Ainda não está simples qual é o significado comportamental do rugido intermediário. Cientistas há muito especulam que os rugidos transmitam informações sobre o tamanho do grupo, idade e identidade, mas a função de nuances específicas permanece um mistério. “Sem um Dr. Dolittle para transcrever cada rugido, ainda estamos interpretando esses sons às cegas”, brinca o pesquisador ao The Conversation.
Enquanto a tradução completa do “linguagem dos leões” parece distante – e definitivamente não deve manar no Duolingo tão cedo – a invenção reforça a teoria de que a savana é mais ruidosa, estruturada e sofisticada do que aparenta. E que, para proteger esse ecossistema, será necessário ouvir com mais atenção.
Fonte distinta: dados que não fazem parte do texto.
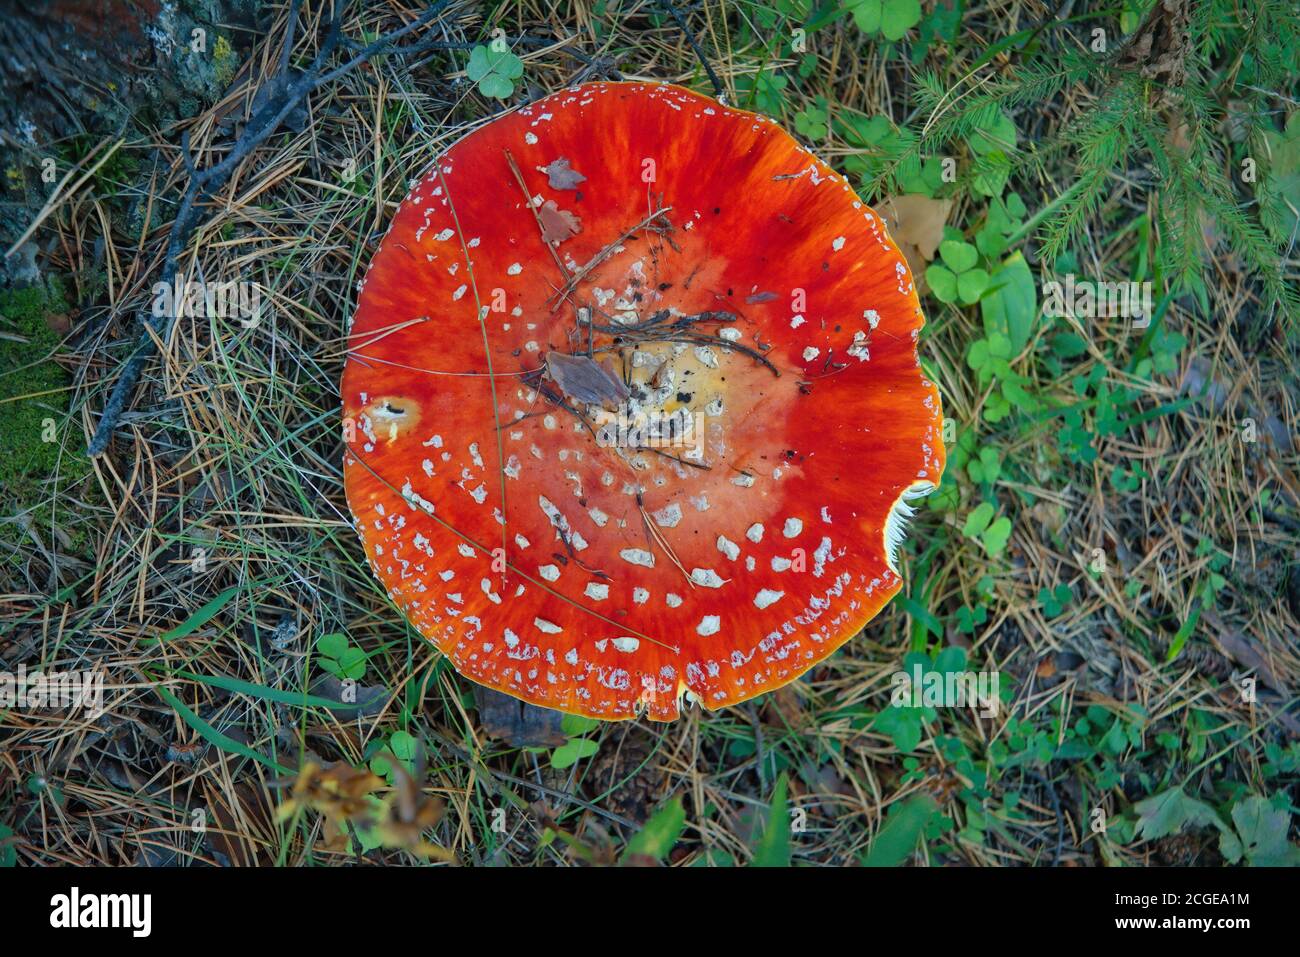 Poisonous Amanita muscaria mushrooms grow up in a autumn forest. Stock Photo

Para Growcott, essa pesquisa aponta um caminho. “Acreditamos que é necessária uma mudança de paradigma no monitoramento da vida selvagem e uma transição em larga graduação para o uso de técnicas acústicas passivas”, afirma em expedido. Técnicas passivas de bioacústica, aliadas à lucidez sintético, prometem revelar padrões antes invisíveis – ou inaudíveis – aos cientistas e “se tornará vital para a conservação eficiente de leões e outras espécies ameaçadas.”